Courtesy of University of Hawaii
University of Hawaii physics professor John Learned,
standing, wtih UH assistans physicist Shigenobu Matsuno, right,
and graduate student Dean Takemori, display a photomultiplier
light detector, used to help provide evidence that neutrinos
oscillate and thus have mass.
UH scientists take
part in breakthrough
physics discovery
Neutrinos have mass,
By Helen Altonn
a Japanese-American
research team concludes
Star-BulletinA Japanese-American team with key Hawaii members today announced a discovery hailed as the greatest of this decade, perhaps even this century, in elementary particle physics.
The findings rattle the standard theory of particle physics and move scientists a notch forward in understanding the universe.
Data from a $100 million detector, Super-Kamiokande, beneath the Japanese Alps, show that neutrinos raining on Earth from cosmic rays have mass, the group said.
This means neutrinos are elementary particles that have the smallest mass but collectively may account for much of the mass of the universe.
The different types or "flavors" of neutrinos oscillate or change identities back and forth as they travel through space, the scientists said.
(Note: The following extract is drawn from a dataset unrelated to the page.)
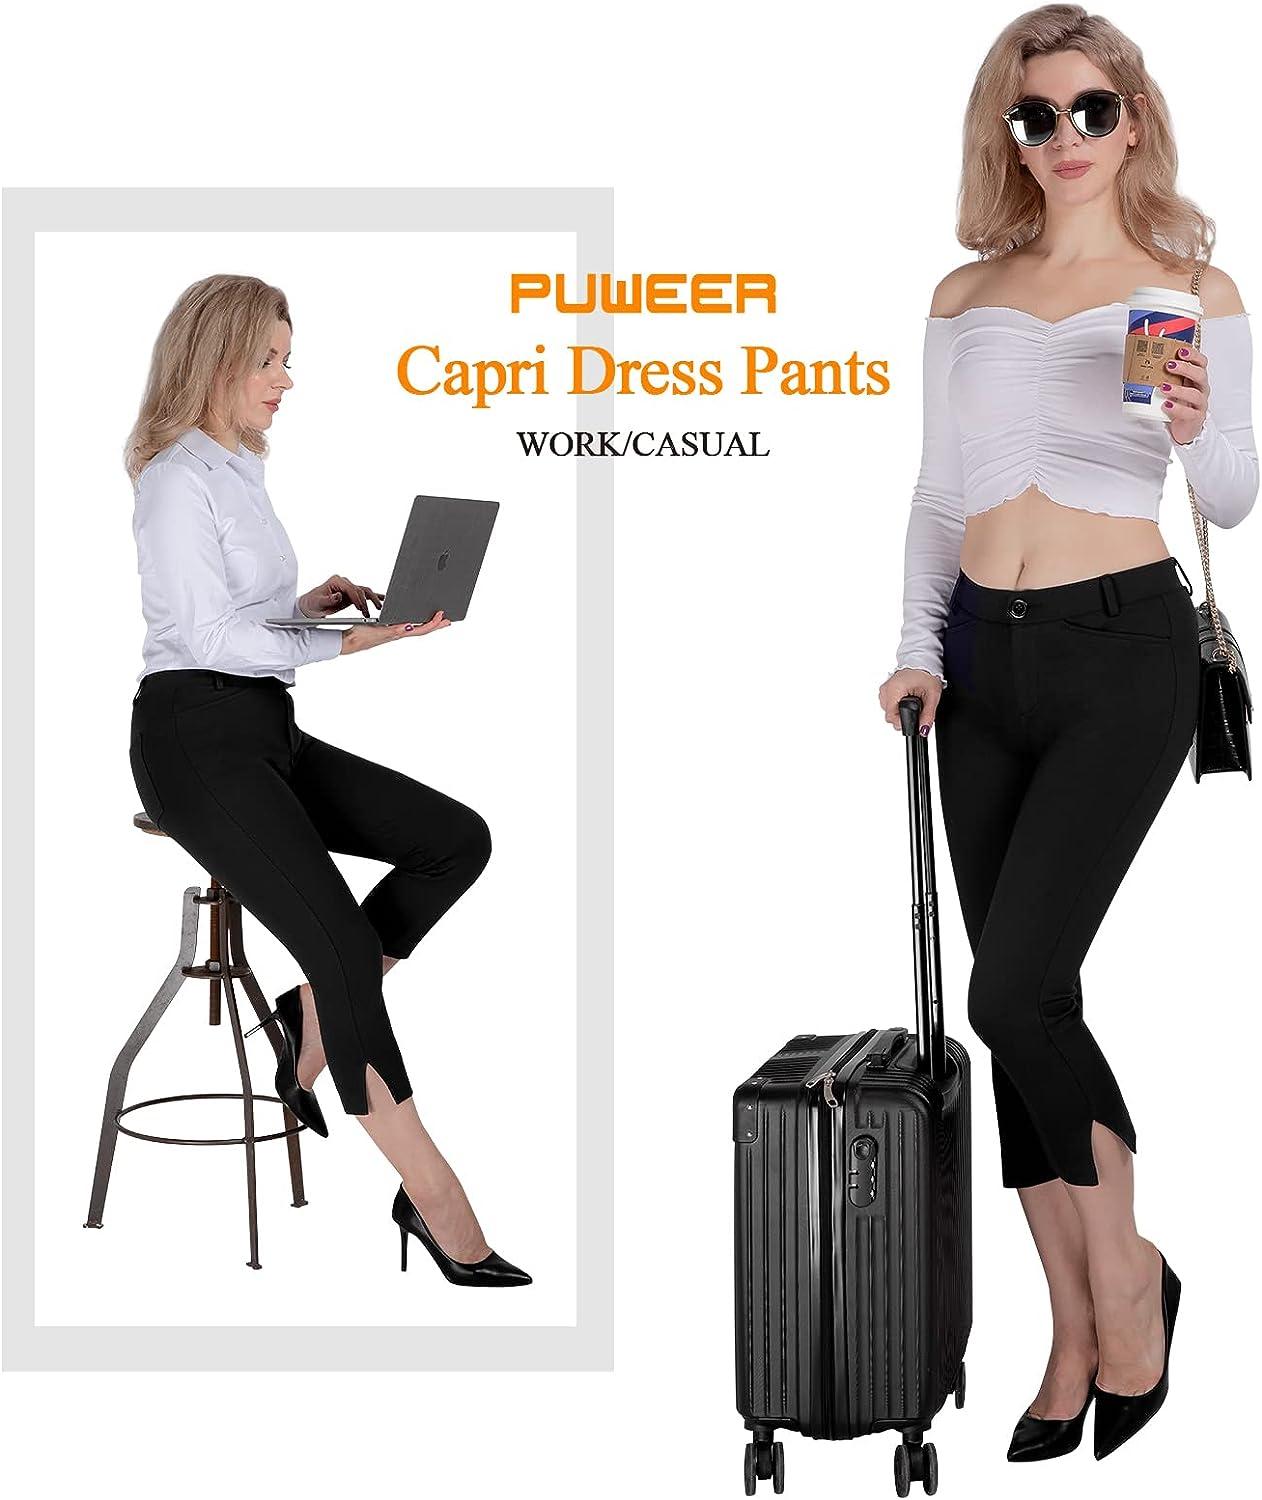 capri dress pants

That can occur only if a neutrino has mass, they said.
While the neutrino mass is the smallest observed yet for elementary particles, it is "still sufficient that the relic neutrinos made in staggering numbers at the time of the Big Bang account for much of the universe," the group said.
The discovery was announced at "Neutrino '98," an international physics conference in Takayama, Japan.
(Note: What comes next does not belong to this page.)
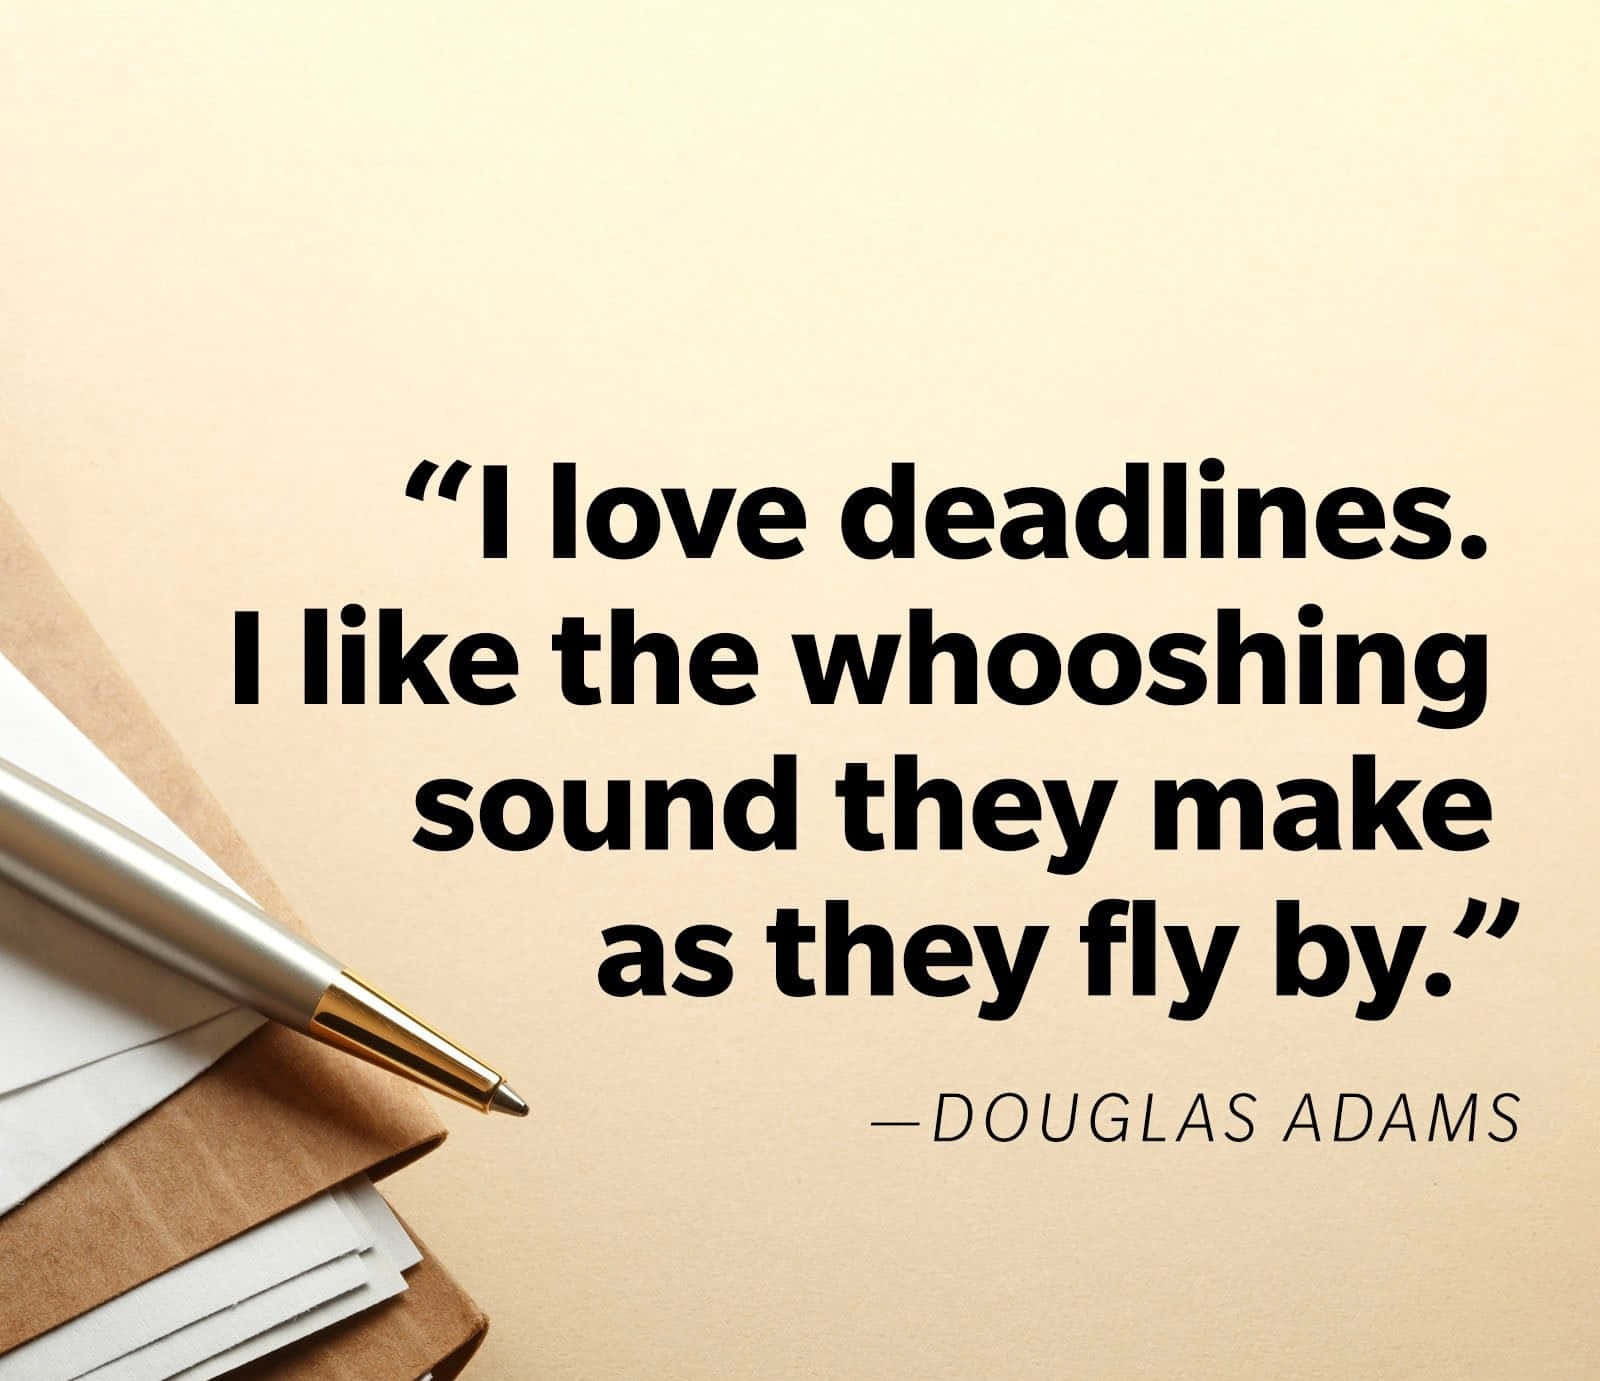 Douglas Adams Deadlines Quote Wallpaper

Theoretical models now must be altered, said University of Hawaii physicist John Learned, a leader in the U.S.-Japan effort.
"These new results could prove to be the key to finding the holy grail of physics, the unified theory," he said.
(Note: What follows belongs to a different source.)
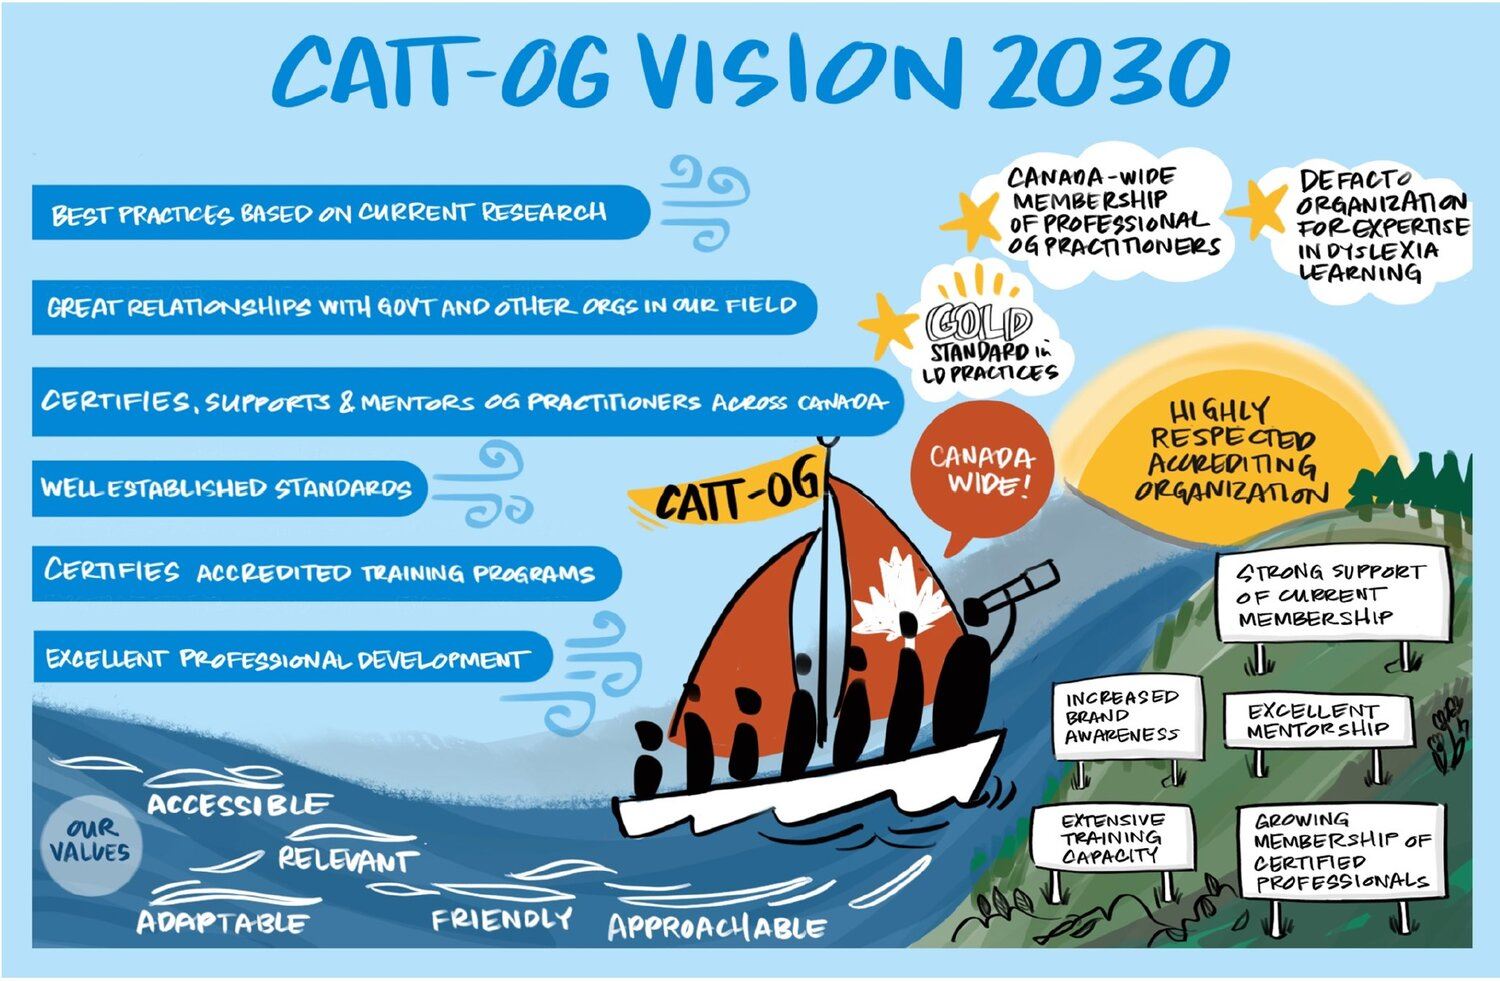 CATT-OG Vision 2023

Scientists knew "other fundamental building blocks of the universe all had some mass, that is to say, quarks and leptons, things of which atoms are made," Learned said. However, neutrino mass was considered "absolutely zero."
"What we have in this situation with neutrinos is something we don't see anywhere else in the universe. As with people, we know them by their interactions . . .
"For every chunk of ordinary matter there is a well-defined and unique mass," he said. But with a neutrino, "It's kind of a Dr. Jekyll and Mr. Hyde sort of an affair. If you look at it in different moments, it behaves in different ways. All other particles that we know have the same mass and interact the same way at all times."
Super-Kamiokande scientists for two years have been studying neutrinos captured in a 50,000-ton tank of highly purified water about 3,300 feet underground.
Neutrino interactions giving off faint flashes of light are detected by more than 13,000 photomultiplier tubes.
Learned, who has studied neutrinos for more than 20 years, calls some of the findings "very peculiar stuff." For instance, there are three types or "flavors" of neutrinos -- electron, muon and tau.
And muon neutrinos are oscillating between at least two different neutrino flavors -- possibly the tao neutrino, he said. "Or it could be there's a new sterile neutrino involved."
It is suggested that one or all three types of neutrinos could be oscillating from our universe to a parallel or mirror universe and back again, Learned said.
"Thus, neutrinos would be our only way to communicate with the other universe. . . . It could be that this parallel galaxy is sitting right on top of our galaxy. That would account for some dark matter."
But a simpler solution, he said, is the tao neutrino is the muon neutrino's oscillating partner. "That would be my first bet."
Learned was one of seven people who formed the IMB (Irvine-Michigan-Brookhaven) detector in a mine under Lake Erie in Cleveland in the 1980s.
Neutrino detectors built in Cleveland and later in Utah and Japan were designed at a workshop at UH in 1976, Learned said.
The IMB group merged with the Japan scientists in 1994 in a move initiated by UH graduate Steven T. Dye, then a Boston University researcher, now associate dean at Hawaii Pacific University.
Other UH physicists with the Japan project are analysis group leader Shigenobu Matsuno and Victor J. Stenger. Also involved are graduate students Atsuko Kibayashi and Dean Takemori.
UH graduate John Flanagan, now at Japan's KEK laboratory, wrote the first dissertation on Super-Kamiokande with evidence for neutrino oscillations, Learned said. Robert Svoboda, former UH graduate teaching at Louisiana State University, is a Super-Kamiokande analysis group leader.
Also studying neutrinos in the UH elementary particle theory group are professors Sandip Pakvasa, Xerxes Tata and Walter Simmons.